Machine learning enhanced real time fraud detection on OCI with NVIDIA Triton Inference Server

December 5, 2023 | 9 minute read
David Chen
Master Principal Cloud Architect
Parveen Kumar
Master Principal Cloud Engineer
Gabrielle Talavera
Solutions Architect - NVIDIA
David Williams
NVIDIA Senior Solutions Architect
Text Size 100%:

The authors want to thank Larry Wong and Richard Sachs for their contributions to this blog. 

Credit card purchase and payment has become part of our daily lives.  Unfortunately, fraudulent credit card transactions have also increased from 127 million in 2021 to an estimated 150 million in 2023 in the United States, amounting to about 1 fraud per thousand of transactions, or 5 fraud cases every second. Retailers are expected to lose $130 billion this year on card-not-present transactions, as reported by Dataprot.
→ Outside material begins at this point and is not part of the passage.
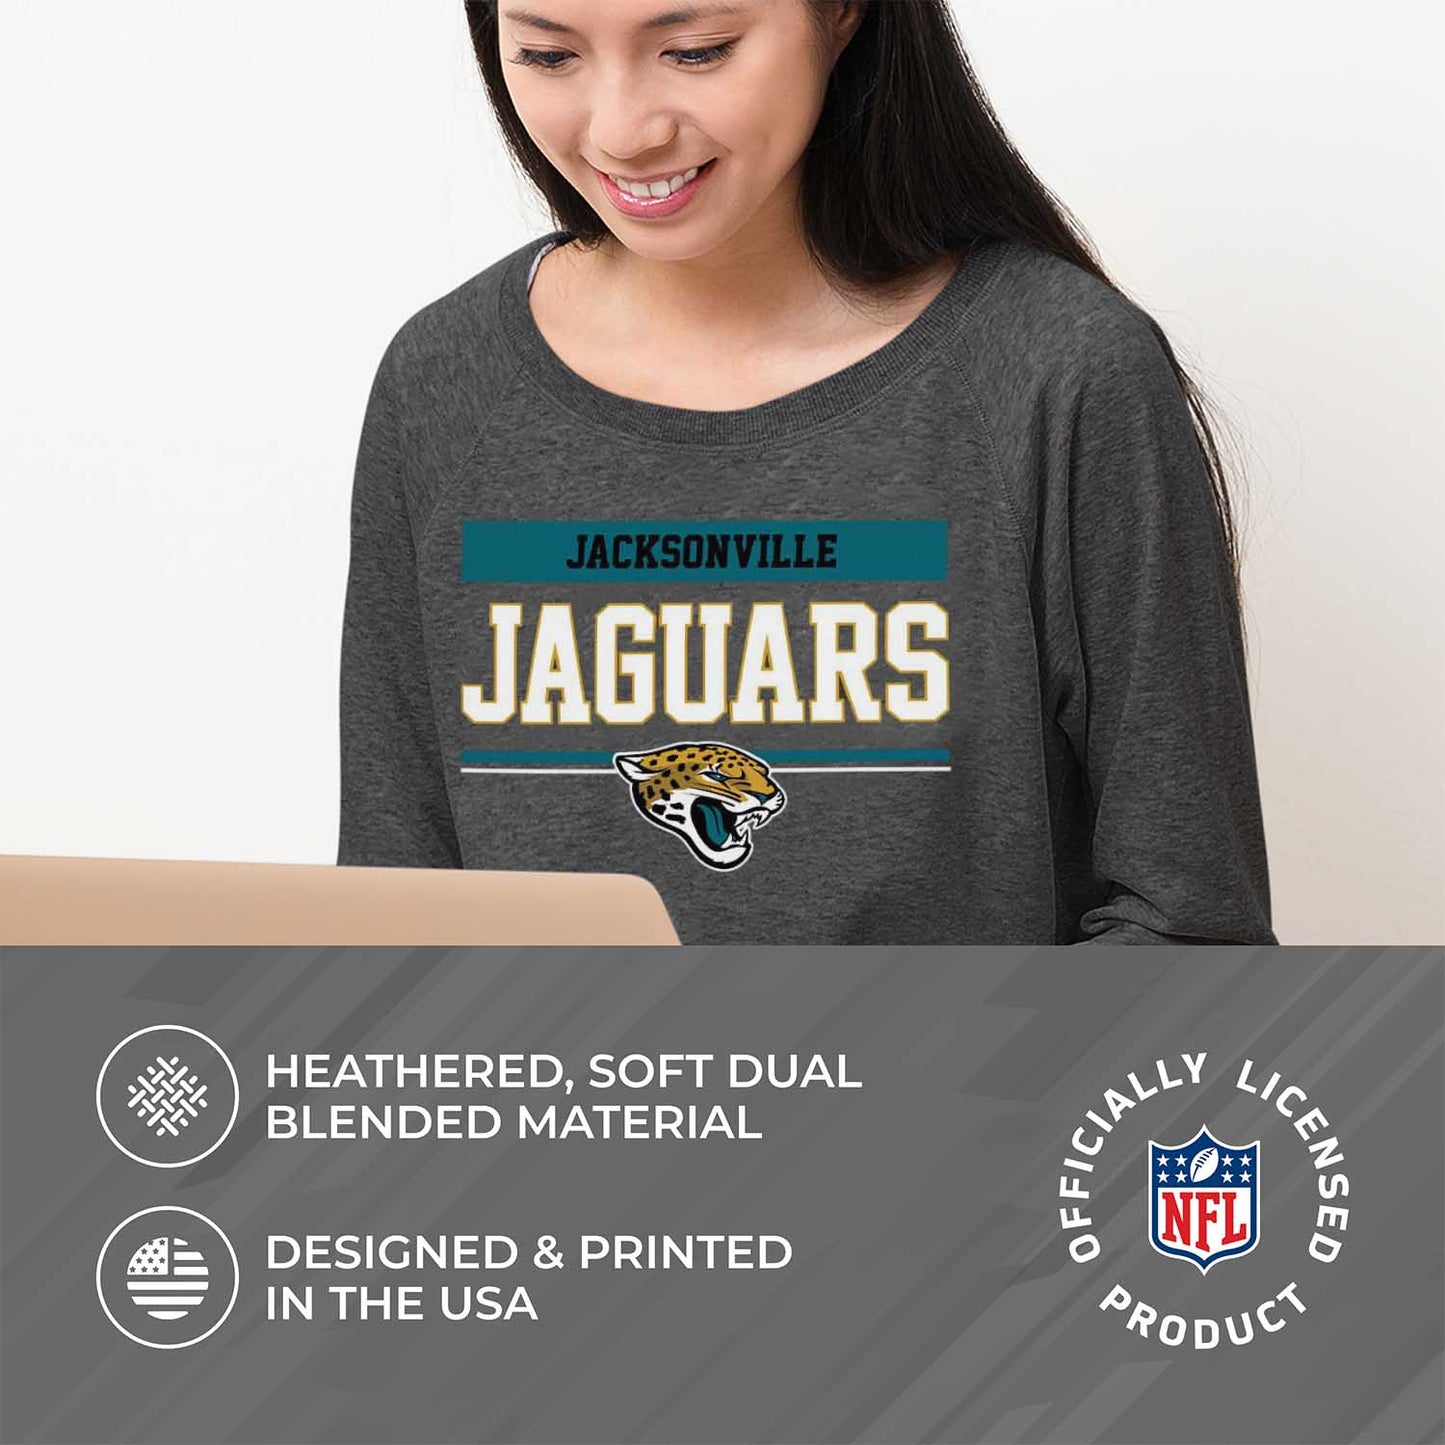 Jacksonville Jaguars NFL Women's Plus Size Team Block Charcoal Crewneck - Charcoal

Credit card fraud happens when a scammer uses a stolen or copied credit card to make a purchase. The Financial Services industry has combated this crime for decades, assisted by the latest IT technology and computational algorithms. The real-time online transaction pre-authorization process is one of the common techniques used to battle credit card fraud. The process requires a consumer to submit purchasing and credit card information at the point-of-sales (POS) through an online device to the card-issuing bank for screening. When an approval code is returned, usually within a couple of seconds, the purchase can move forward. Otherwise, the credit card is denied, warning the merchant not to accept it for the purchase. This instantaneous approval/denial process increases protection for both consumers and merchants.

In a recent technical collaboration, OCI and NVIDIA engineering teams constructed a proof-of-concept (POC) implementation to apply machine learning enhancements against a real-time online pre-authorization process. These enhancements can add a new layer of protection for both consumers and merchants while maintaining the same real-time online processing speed. In this blog post, we will walk through the key concepts and procedures involved in the implementation.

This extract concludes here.